# Exercise brief
Working from the entries that follow, transcribe exactly and only the lines from the one with "74 Ice Hockey Backgrounds On Wallpapersafari" through the last, pictures excluded.

Records for the task Block Start

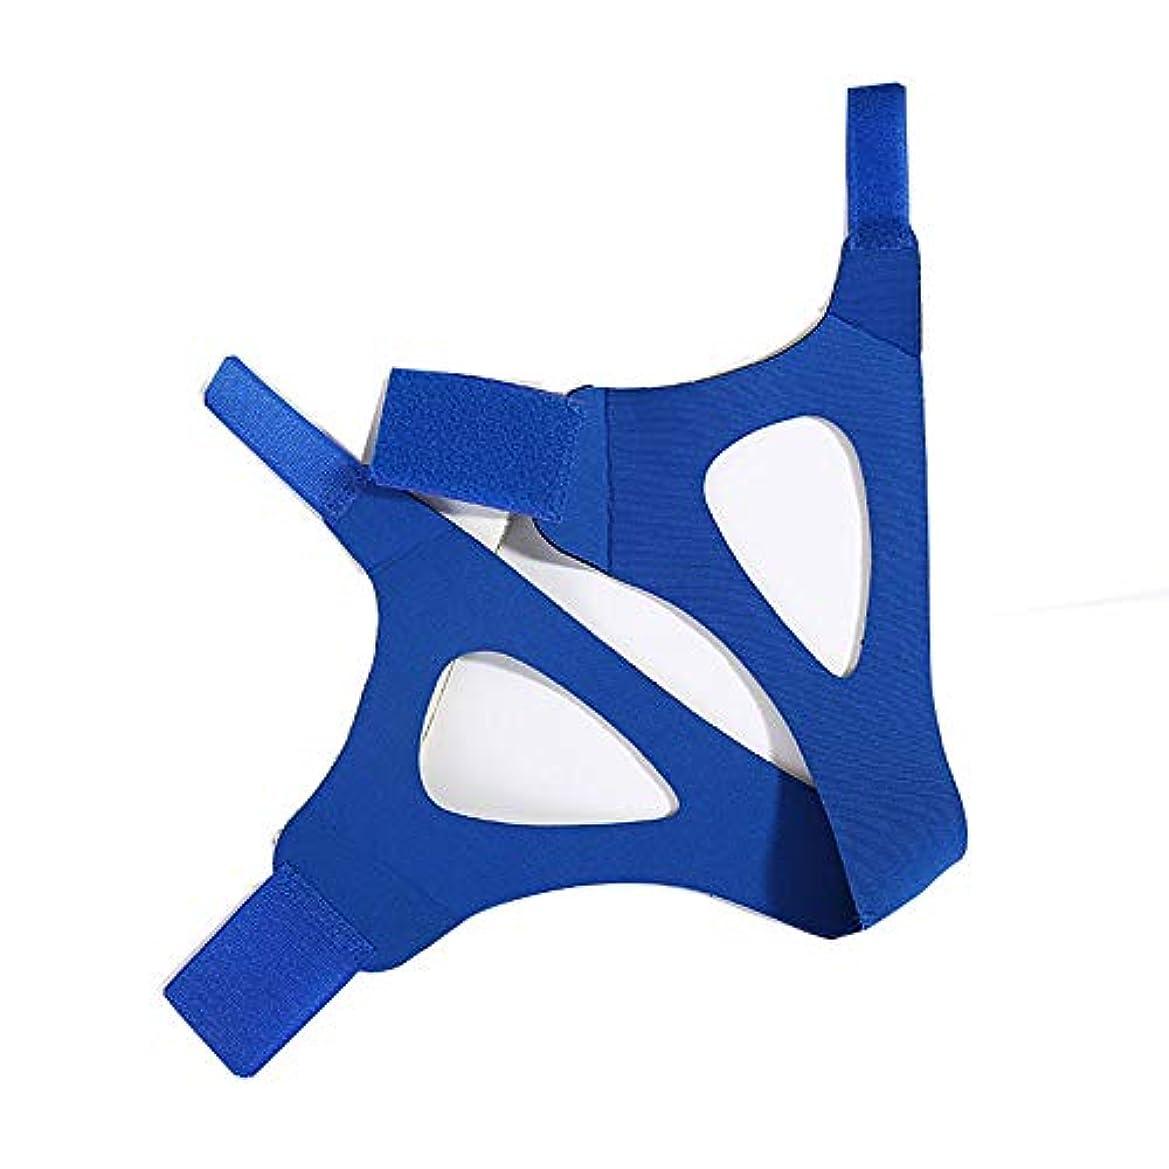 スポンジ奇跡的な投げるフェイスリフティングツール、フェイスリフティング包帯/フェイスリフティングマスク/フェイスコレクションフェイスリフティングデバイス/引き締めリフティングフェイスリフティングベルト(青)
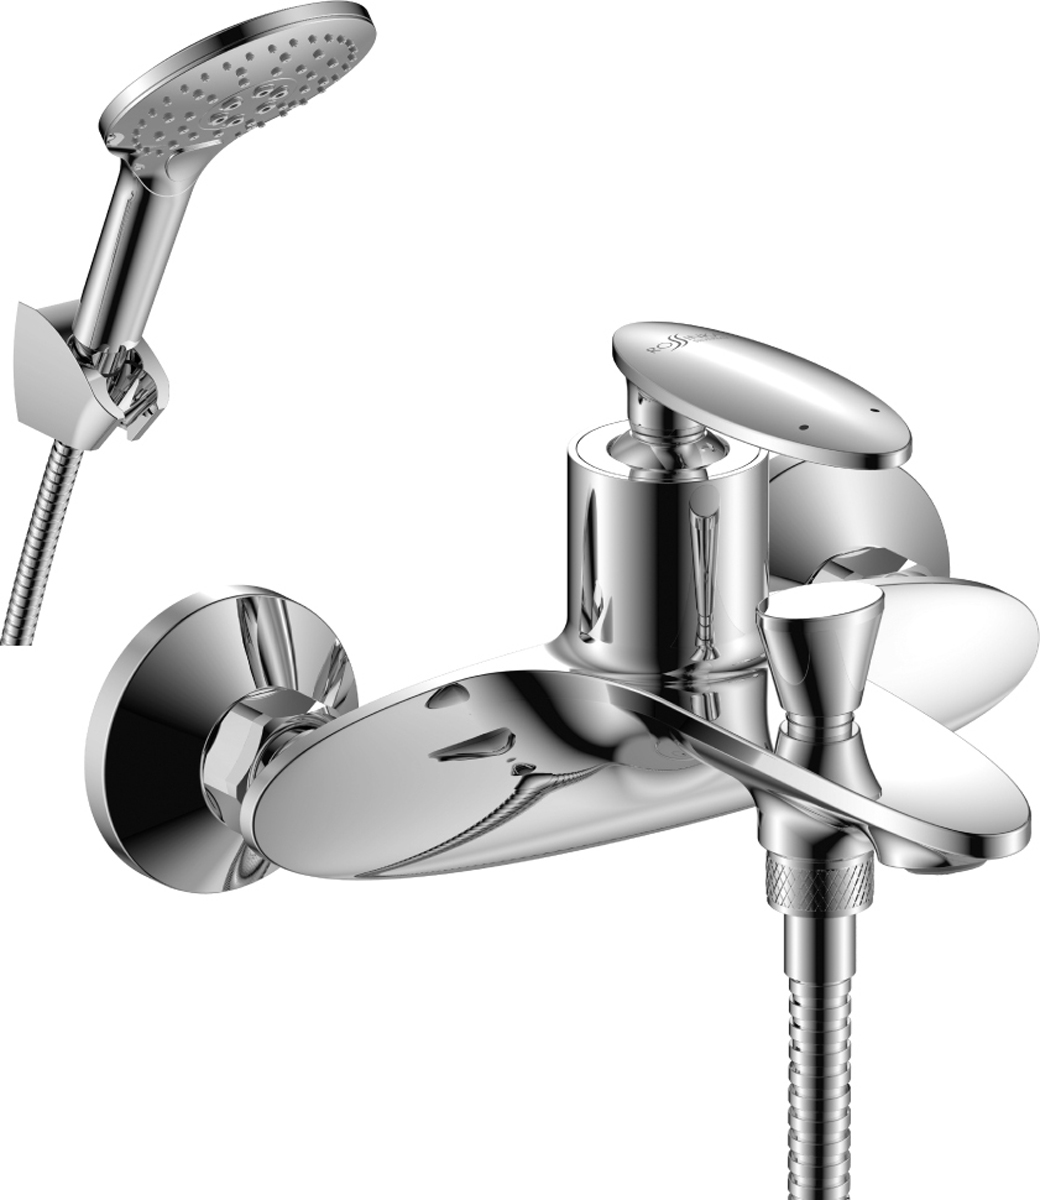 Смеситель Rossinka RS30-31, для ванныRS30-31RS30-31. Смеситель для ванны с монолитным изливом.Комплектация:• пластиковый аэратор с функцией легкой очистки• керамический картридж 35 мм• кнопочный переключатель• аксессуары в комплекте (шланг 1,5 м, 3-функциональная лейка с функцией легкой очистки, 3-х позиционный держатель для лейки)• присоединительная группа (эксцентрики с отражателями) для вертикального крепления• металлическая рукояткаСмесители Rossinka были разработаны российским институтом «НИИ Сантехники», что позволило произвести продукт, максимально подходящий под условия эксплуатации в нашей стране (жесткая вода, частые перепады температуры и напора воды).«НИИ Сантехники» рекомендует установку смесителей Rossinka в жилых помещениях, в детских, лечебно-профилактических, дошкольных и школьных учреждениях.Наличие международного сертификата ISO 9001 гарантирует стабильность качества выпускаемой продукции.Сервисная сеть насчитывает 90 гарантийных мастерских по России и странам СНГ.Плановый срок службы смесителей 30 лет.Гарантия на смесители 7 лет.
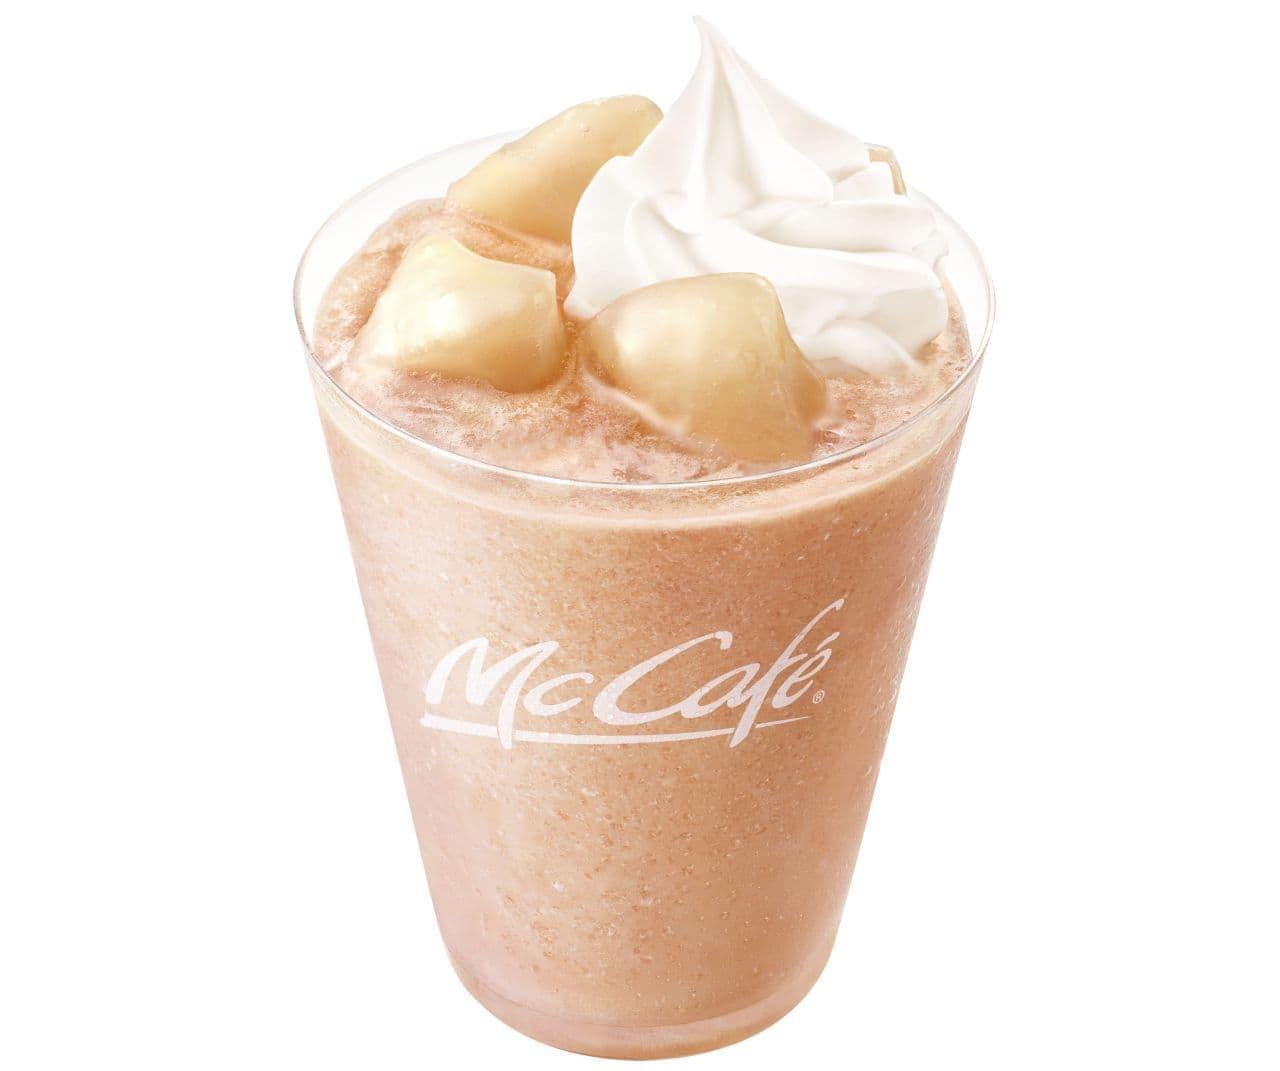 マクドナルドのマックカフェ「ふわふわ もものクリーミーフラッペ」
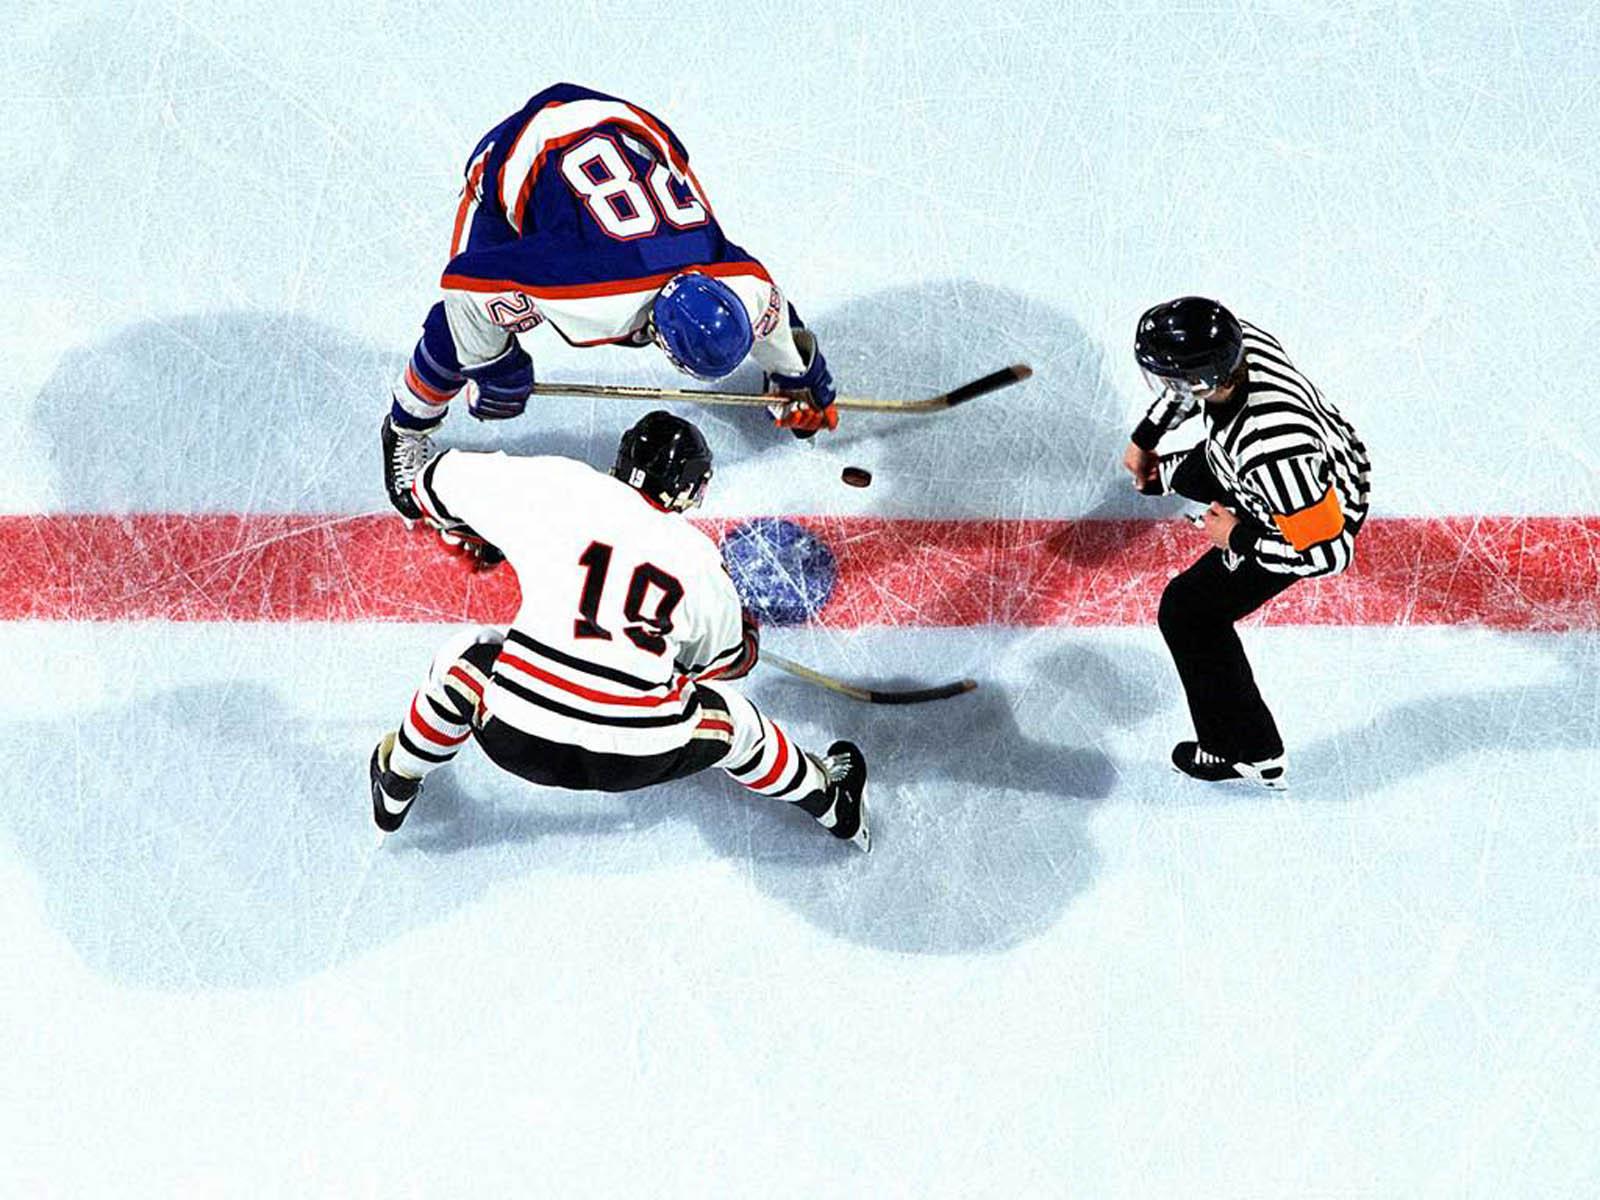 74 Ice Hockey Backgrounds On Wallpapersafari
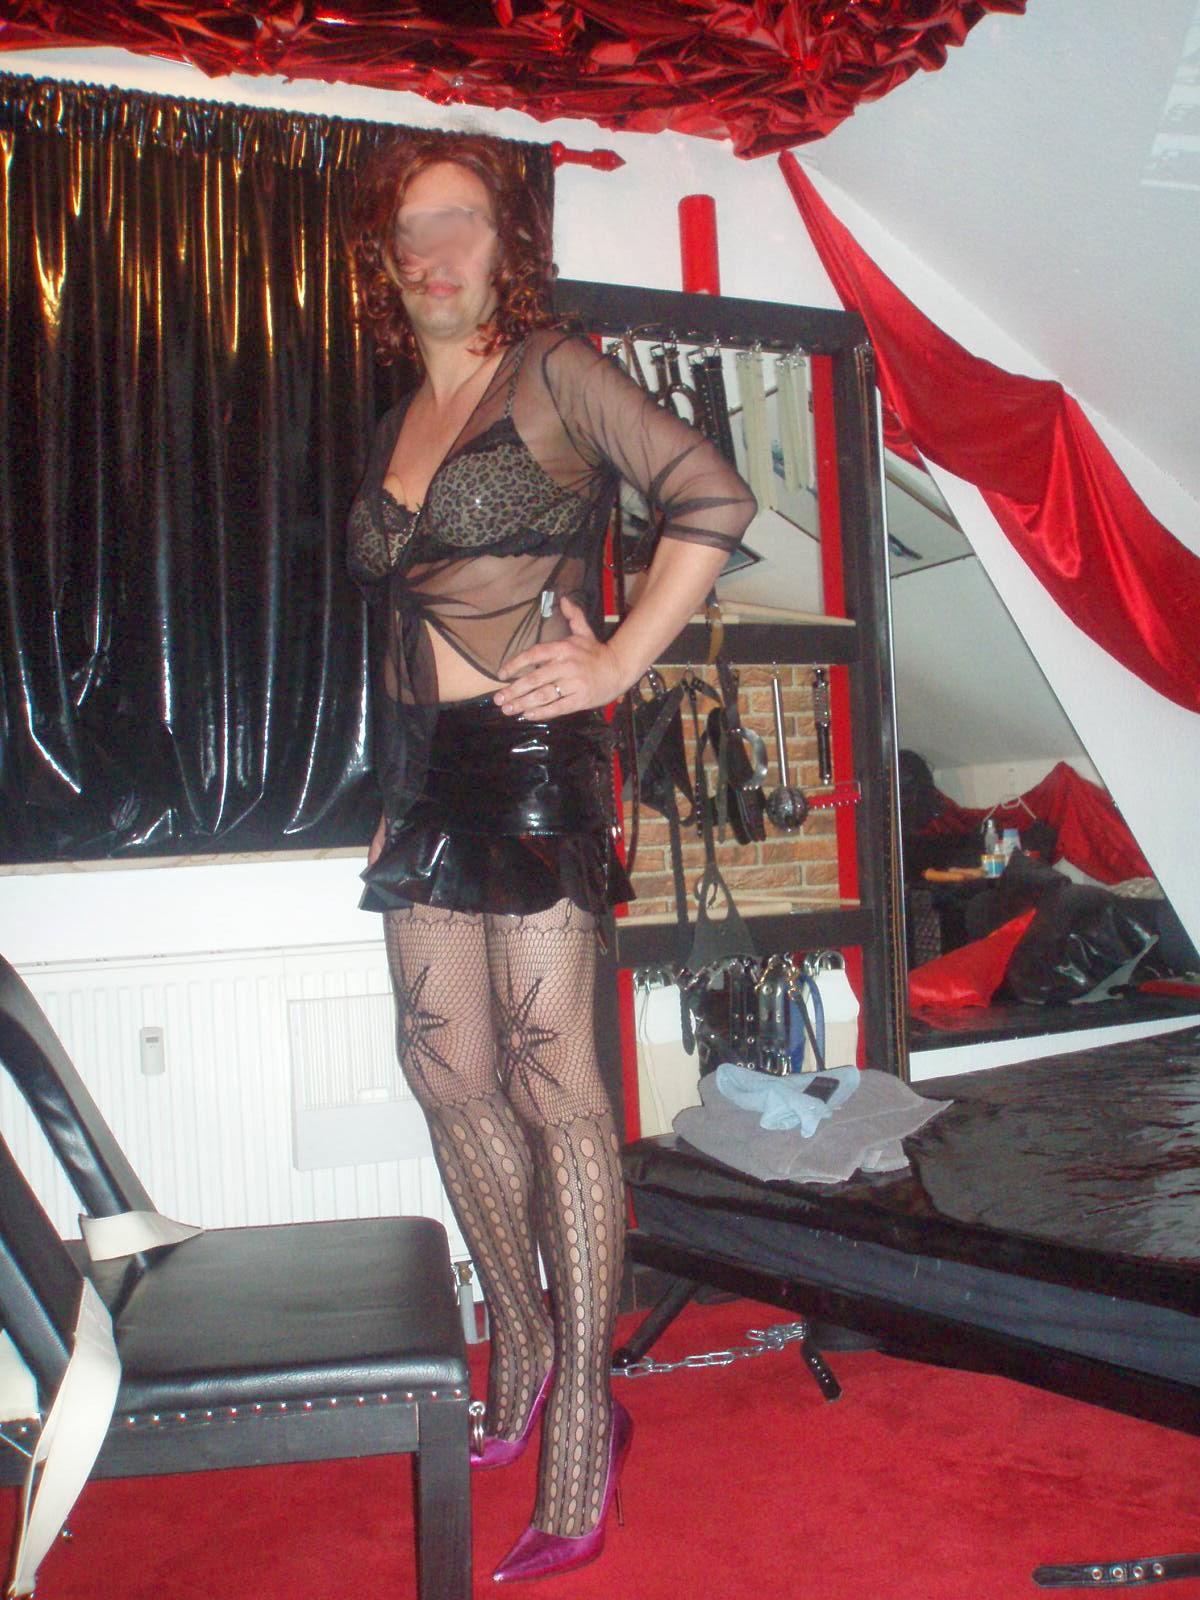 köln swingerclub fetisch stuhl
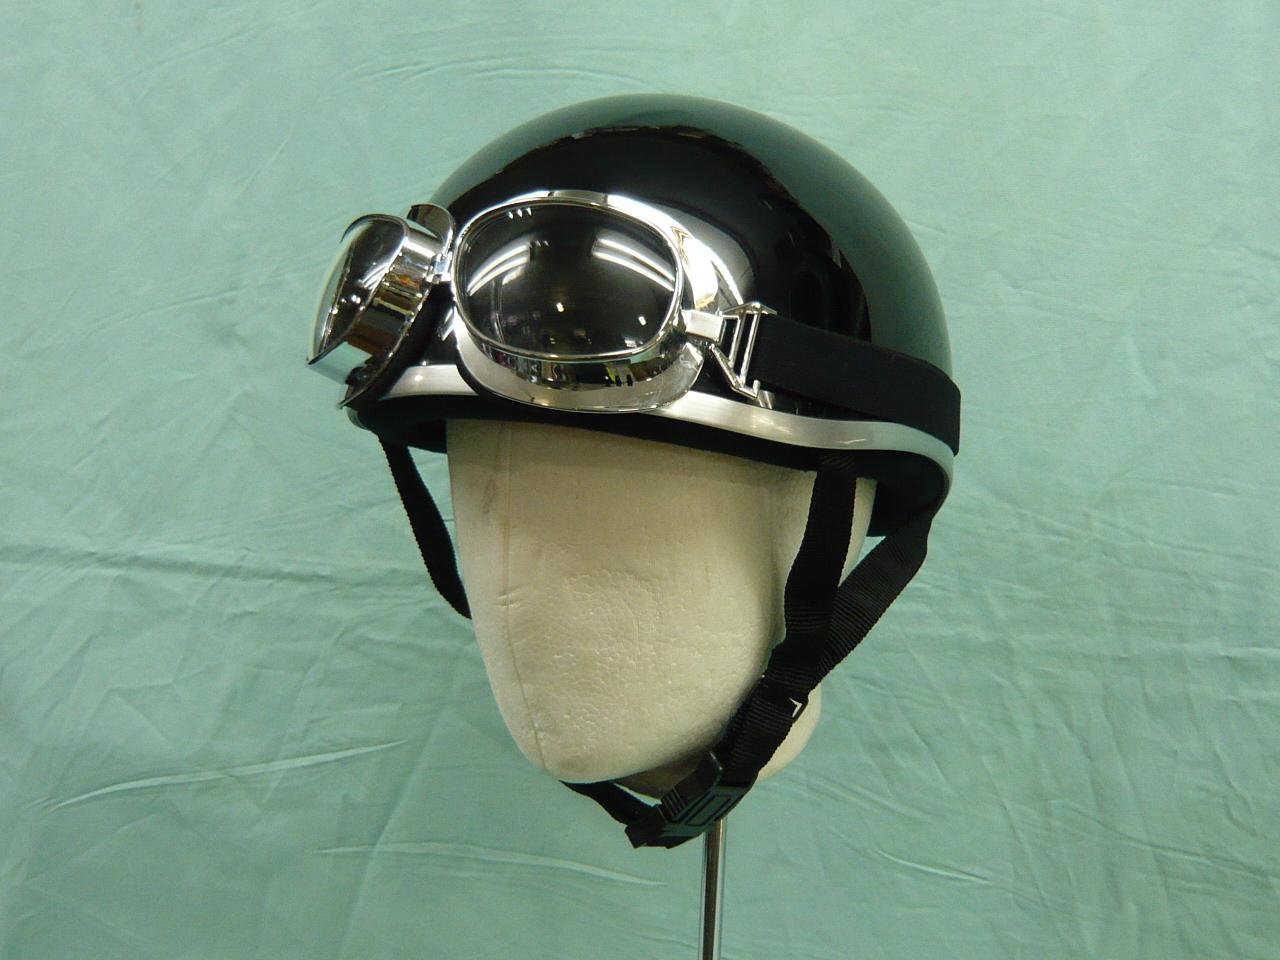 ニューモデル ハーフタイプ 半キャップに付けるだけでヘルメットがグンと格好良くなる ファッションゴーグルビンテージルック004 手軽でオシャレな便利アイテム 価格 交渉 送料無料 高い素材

Records for the task Block End

# Reply
 74 Ice Hockey Backgrounds On Wallpapersafari
 köln swingerclub fetisch stuhl
 ニューモデル ハーフタイプ 半キャップに付けるだけでヘルメットがグンと格好良くなる ファッションゴーグルビンテージルック004 手軽でオシャレな便利アイテム 価格 交渉 送料無料 高い素材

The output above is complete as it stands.